Oft dachte ich über ein Manhattan nach, das nicht von einem König geherrscht wird. Ich wollte ein unabhängiges Amerika mit einem Präsidenten. Mit einer Demokratie.

Nach dem 4. Weltkrieg rieß jedoch der derzeitige König, Henry I, die Macht an sich. Man wusste nicht viel über ihn. Nur selten ließ er sich auf Bällen blicken. Er hatte einen Sohn in meinem Alter. Seine Frau war bei seiner Geburt verstorben. Zudem war er die Bosheit in Person. Menschen hingen oder erlagen anderen Todesursachen, wenn sie etwas taten, was ihm nicht in die Karten spielte.

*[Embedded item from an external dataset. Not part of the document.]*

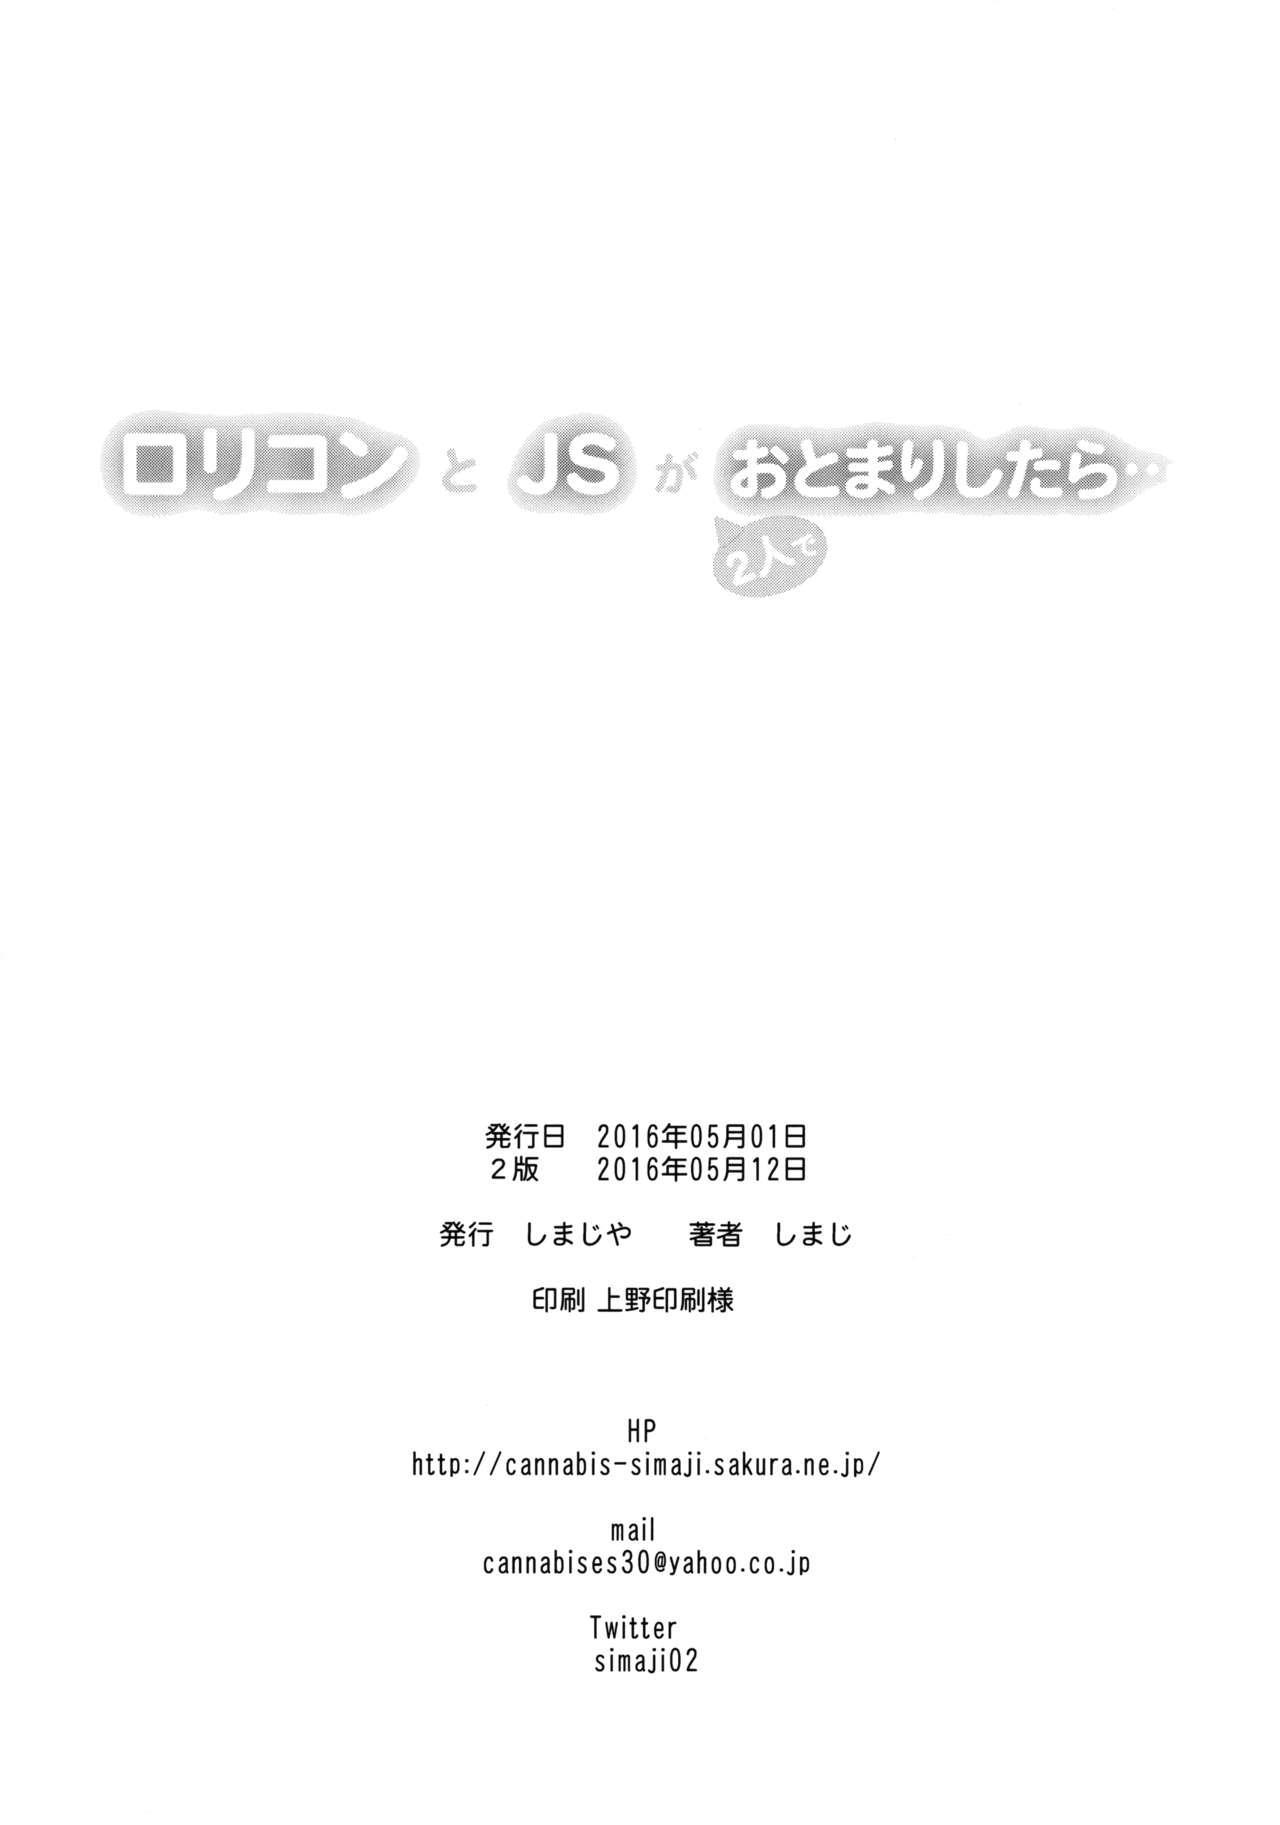 Lolicon to JS ga Futari de Otomari Shitara... | When A Grade Schooler & A Pedo Stay The Night 24

Neben dem hatte er eine riesige Mauer um Manhattan errichten lassen. Keiner darf die Mauer überschreiten. Wenn man erwischt wird, droht einem die Enthauptung. Und dies vor den Einwohnern, um ihnen zu zeigen, was mit Verbrechen geschieht.

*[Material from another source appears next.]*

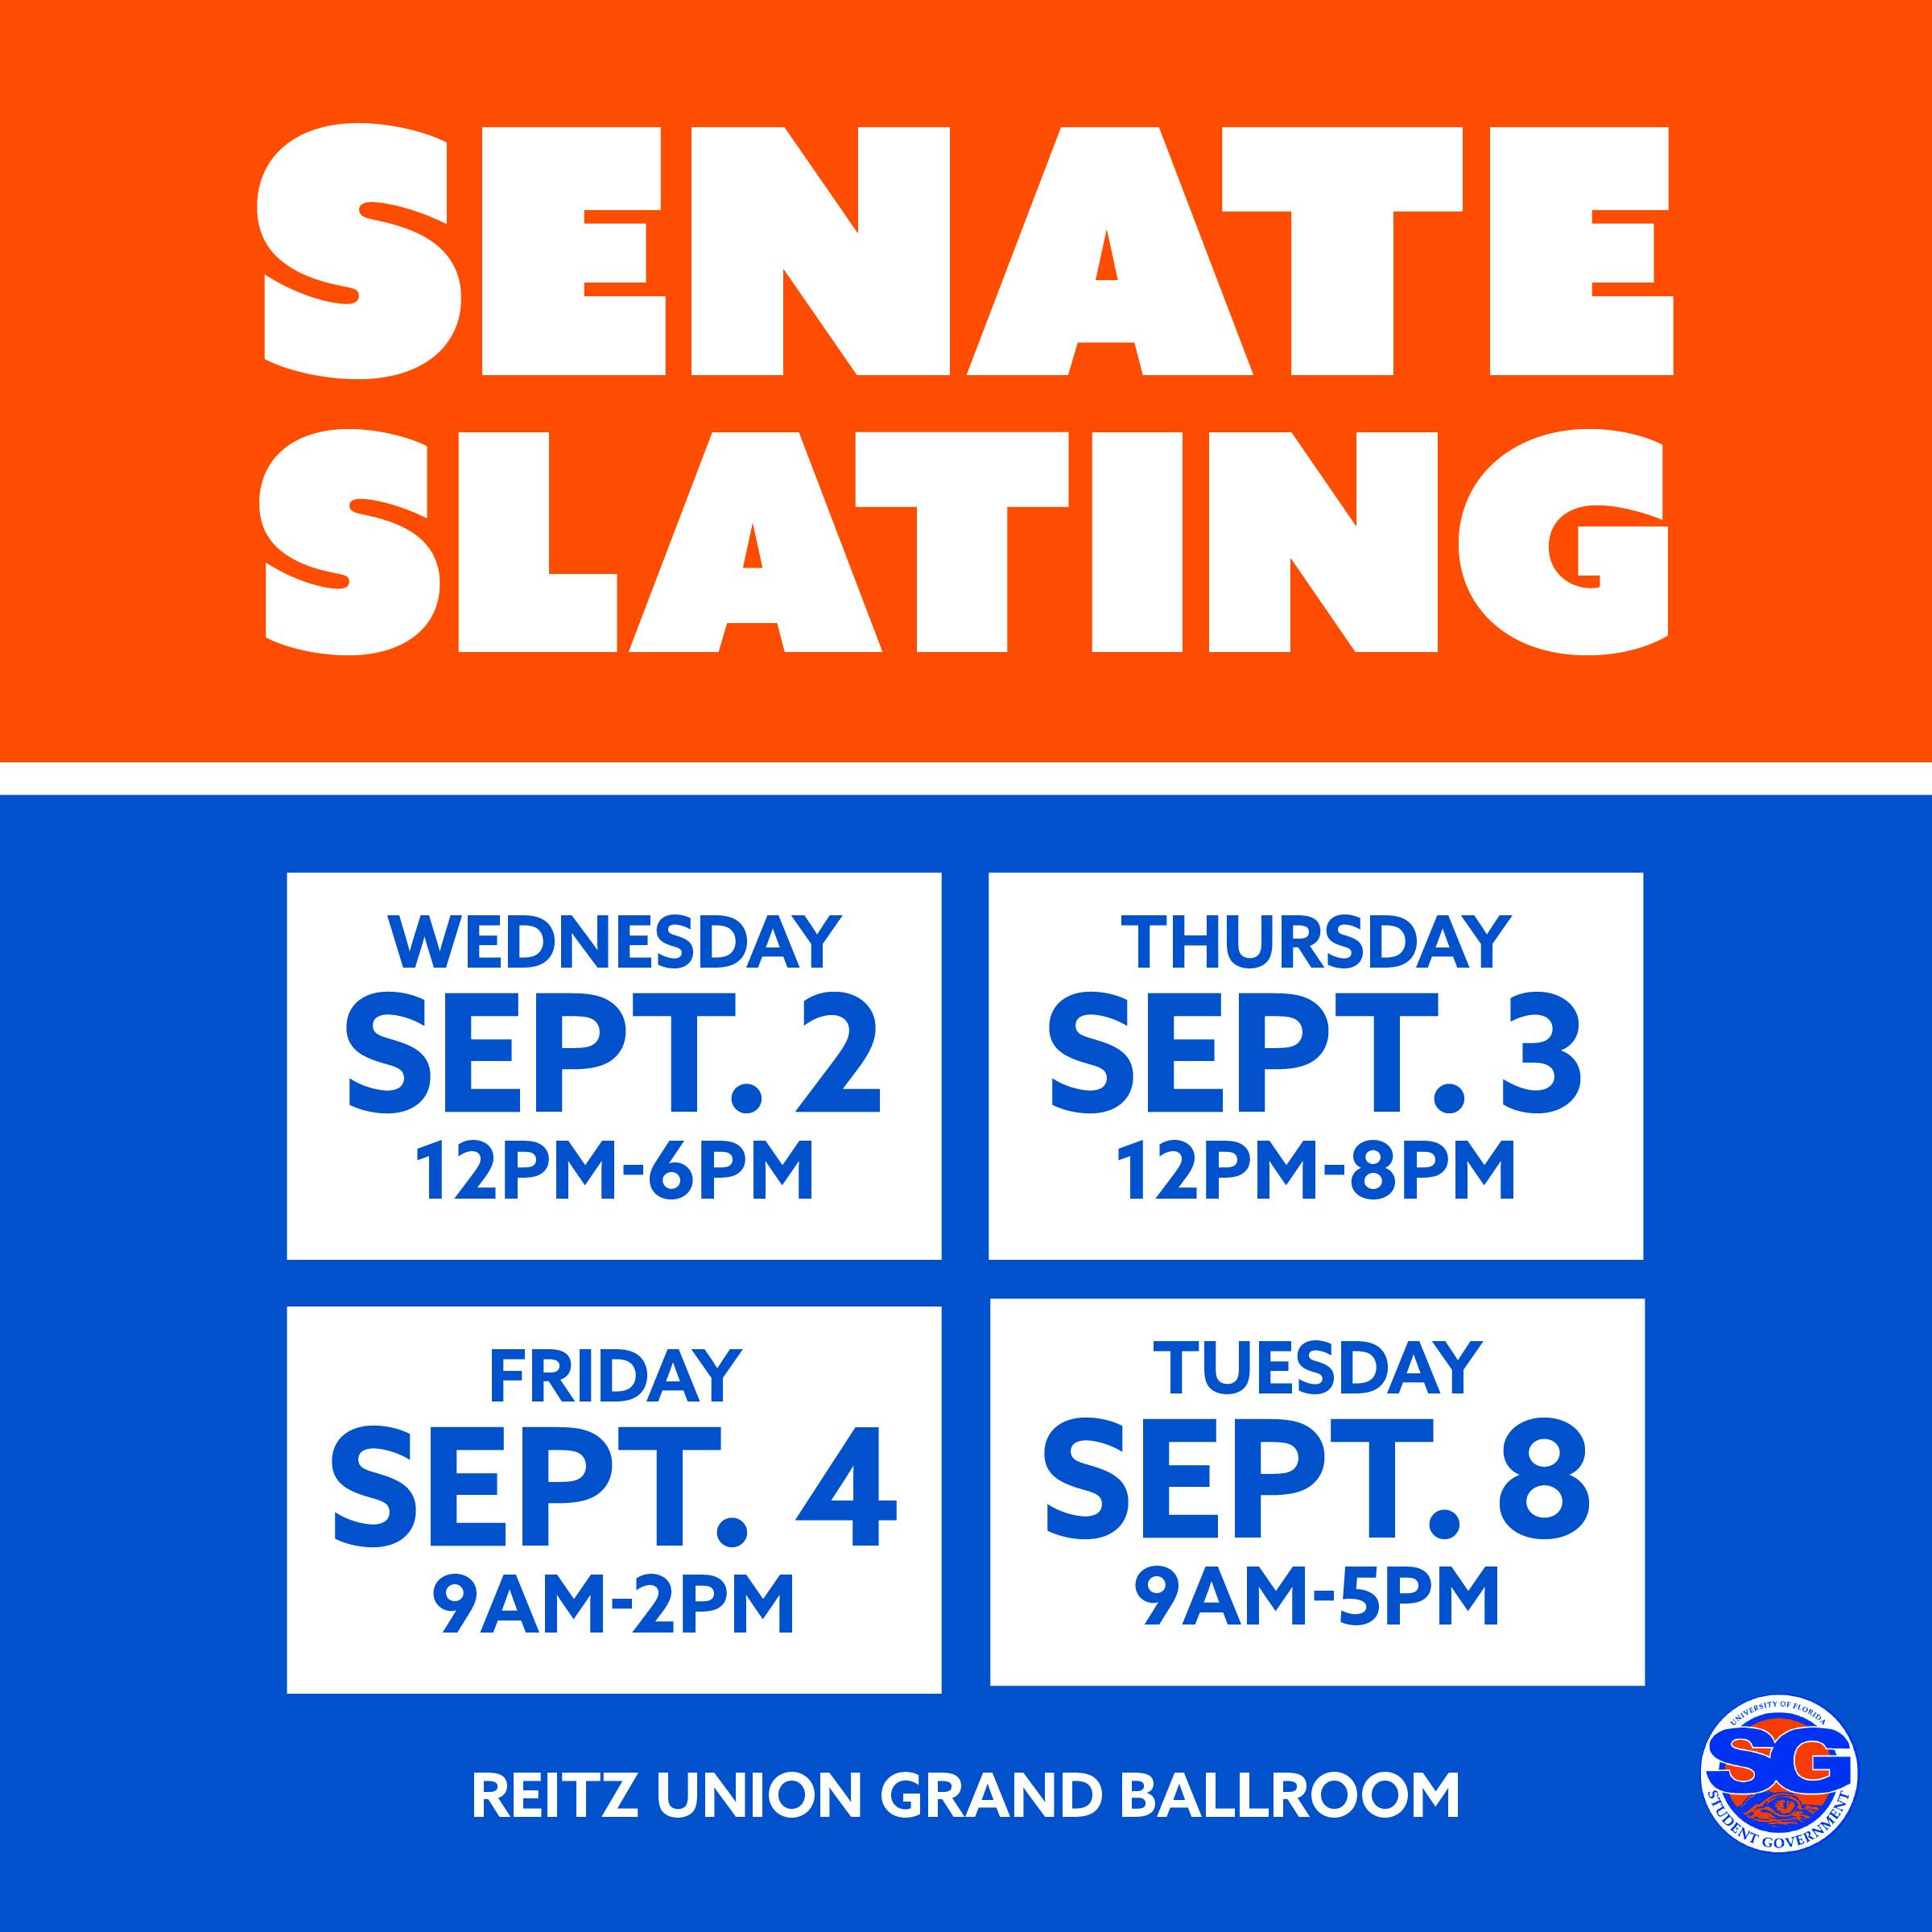 senate slating.jpg

Viele wollten bereits wissen was hinter der Mauer liegt, aber nie kam jemand dazu. Die Lehrer erzählten uns, dass dahinter Unheil und der Tod auf uns warten würde. Aber könnte man den Angestellten des Königs Glauben schenken? Wohl kaum.

Ich dachte viel mehr, dass uns hinter der Mauer ein Leben in Frieden erwarten würde. Zumindest hoffte ich das. Ich wollte ein unbeschwertes Leben. Und das außerhalb eines Käfigs.